Artist Scott Redford argues that there is no longer any difference between the contemporary art shown in public galleries and the commercial visual imagery used in shopping centres.
It has finally come to pass. We have become Them.
The best contemporary art show in Brisbane right now is Dina Broadhurst’s massive set of photo murals at the Chermside Westfield Shopping Centre (pictured above) and the best popular culture extravaganza is at the Queensland Art Gallery’s GOMA with Marvel: Creating the Cinematic Universe (below).
The latter is a display of the work of production designers, storyboard and previsualisation artists, costume and prop designers, and visual effects artists who make Marvel film franchises, some of which have been filmed on the Gold Coast. It’s the type of pop culture exhibition that used to be held in shopping centres or convention centres.
Dina Broadhurst is a young, art savvy, Sydney interior designer. Her huge fashion montage cut-ups at Westfield seem almost too easy until one realises how Broadhurst has brilliantly overcome Westfield’s problem of a constructing a huge, new wing that could potentially be full of empty shops. Its solution? Give Broadhurst not only the shop fronts to use but also huge swathes of every available wall. By co-opting fashion’s visual language, Broadhurst amplifies it, with what looks like a nod to Jeff Koons, James Rosenquist and perhaps even Salvador Dali.
Our state and federal governments have now annexed the Contemporary Art they once merely tolerated.
The genius here is Broadhurst’s mastery of scale. Her cut-ups are overblown enough to swamp the commercial imagery around them without really taking anything away from the commerce, because she is using the same language as the visual merchandisers in the Westfield shops. In short, this is Wow Factor 101.
There’s a story about a king who ordered an ever better and better map of his kingdom until finally the map became as big as his kingdom. This is also the story of contemporary art and our major cultural institutions. NGV, QAGOMA, AGNSW, MCA… they all want one thing — the biggest audience numbers to please their “king” which is the Australian state and federal governments who employ them.
Stand in a Westfield or GOMA and blur your eyes and both look and feel the same; certainly the architecture is the same.
In this singular effort to attract more and more visitors, our once happily conservative art institutions have had to change. Our state and federal governments have now annexed the Contemporary Art they once merely tolerated. Cafes, baby crèches, over 55- evenings, young hipsters’ evenings with bars and music, face painting and cupcakes abound in our public art galleries. Contemporary art (and the traditional art of previous times they also show) has been rendered the equivalent of family fun in a free, air-conditioned setting.
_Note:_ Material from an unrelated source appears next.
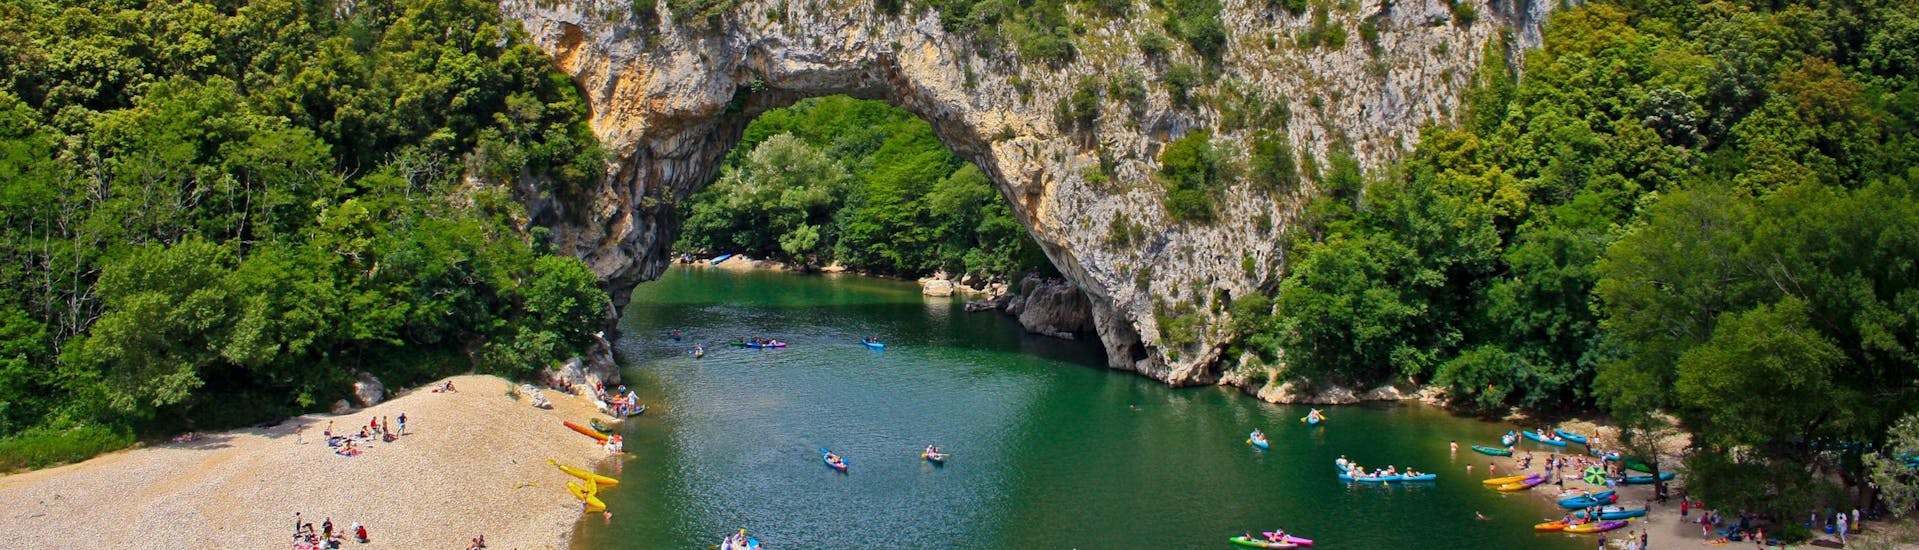 A mother and her two children are paddling across the water as they enjoy their kayak canoe in Gorges de l'Ardèche.
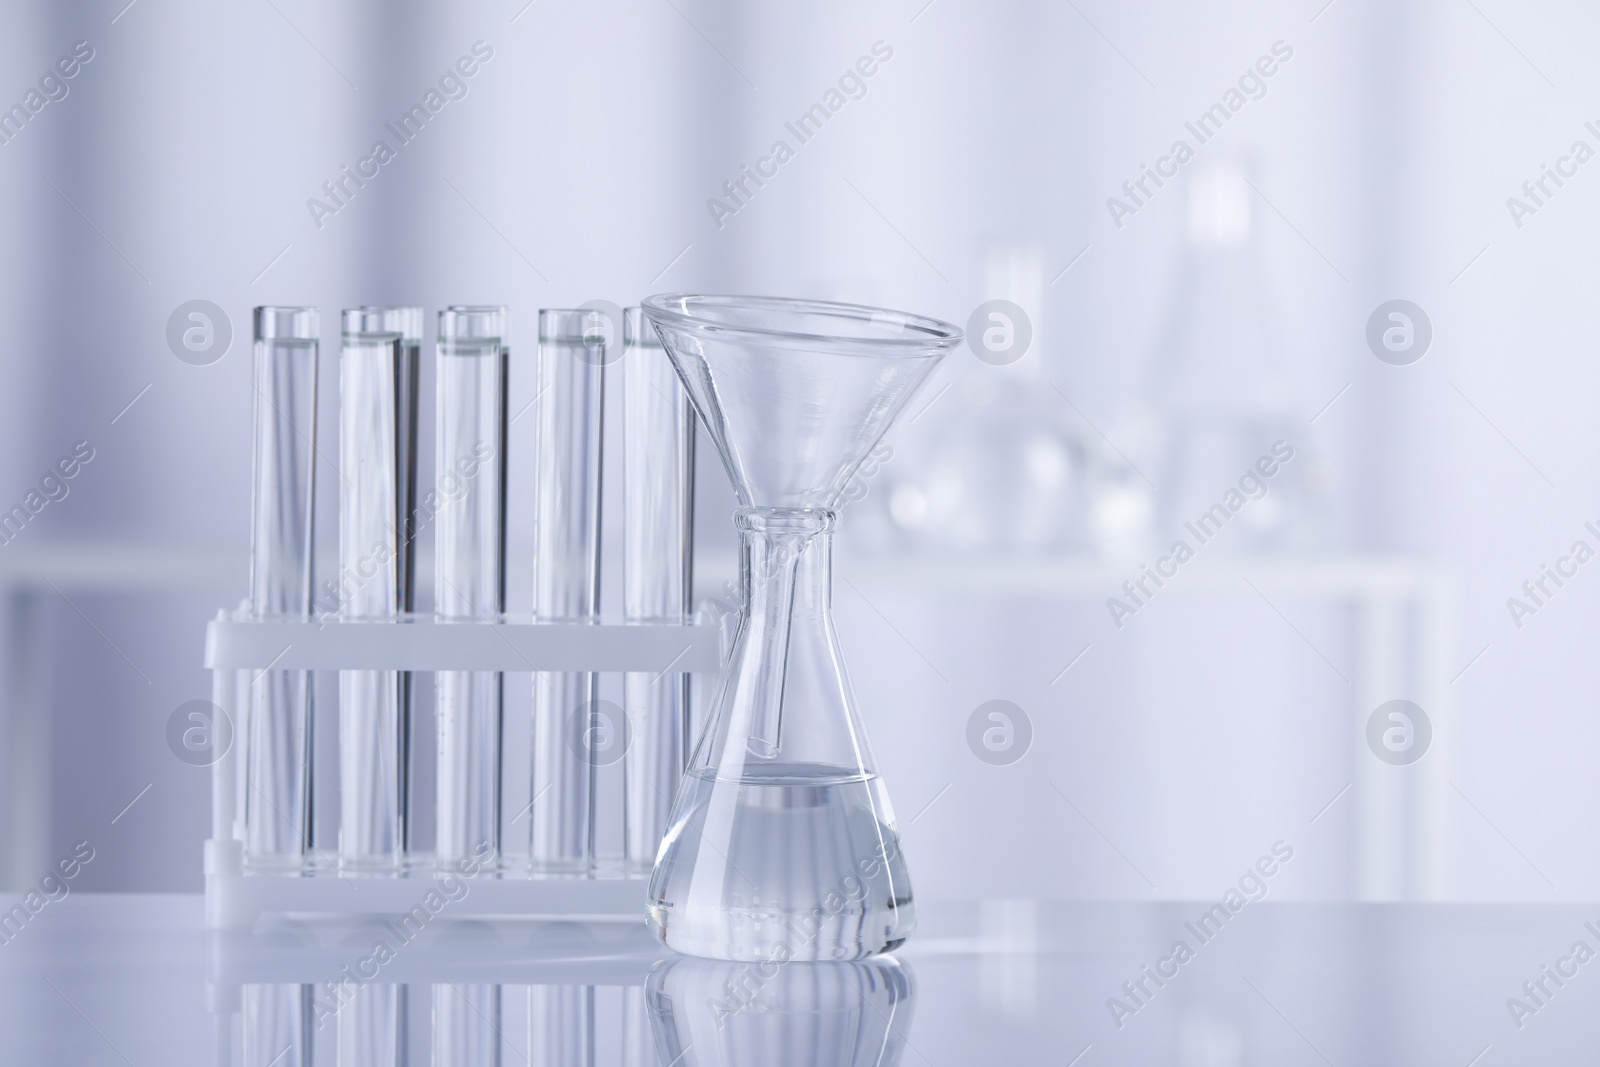 Photo of Different laboratory glassware with transparent liquid on table against blurred background. Space for text

The more our art institutions ape the trappings of the public spaces in the real world, the more the differences that distinguished lofty art institutions from the real world, shrink.
Stand in a Westfield or GOMA and blur your eyes and both look and feel the same; certainly the architecture is the same. Stand and admire a beautiful huge glamour portrait of actor Eddie Redmayne outside the Louis Vuitton store at Pacific Fair on the Gold Coast and then stand in front of an equally glamorous life size portrait of a Maori warrior at GOMA in Brisbane and one realises that these objects are the same, even down to the subtle and complex play of identity in each photograph.
Contemporary art is essentially the same as any profane object in the real world but the ‘art world’ loves to think of itself as superior to the ‘real world’. In the beginning there was ‘the image’ but now the contemporary ‘popular image’ has won.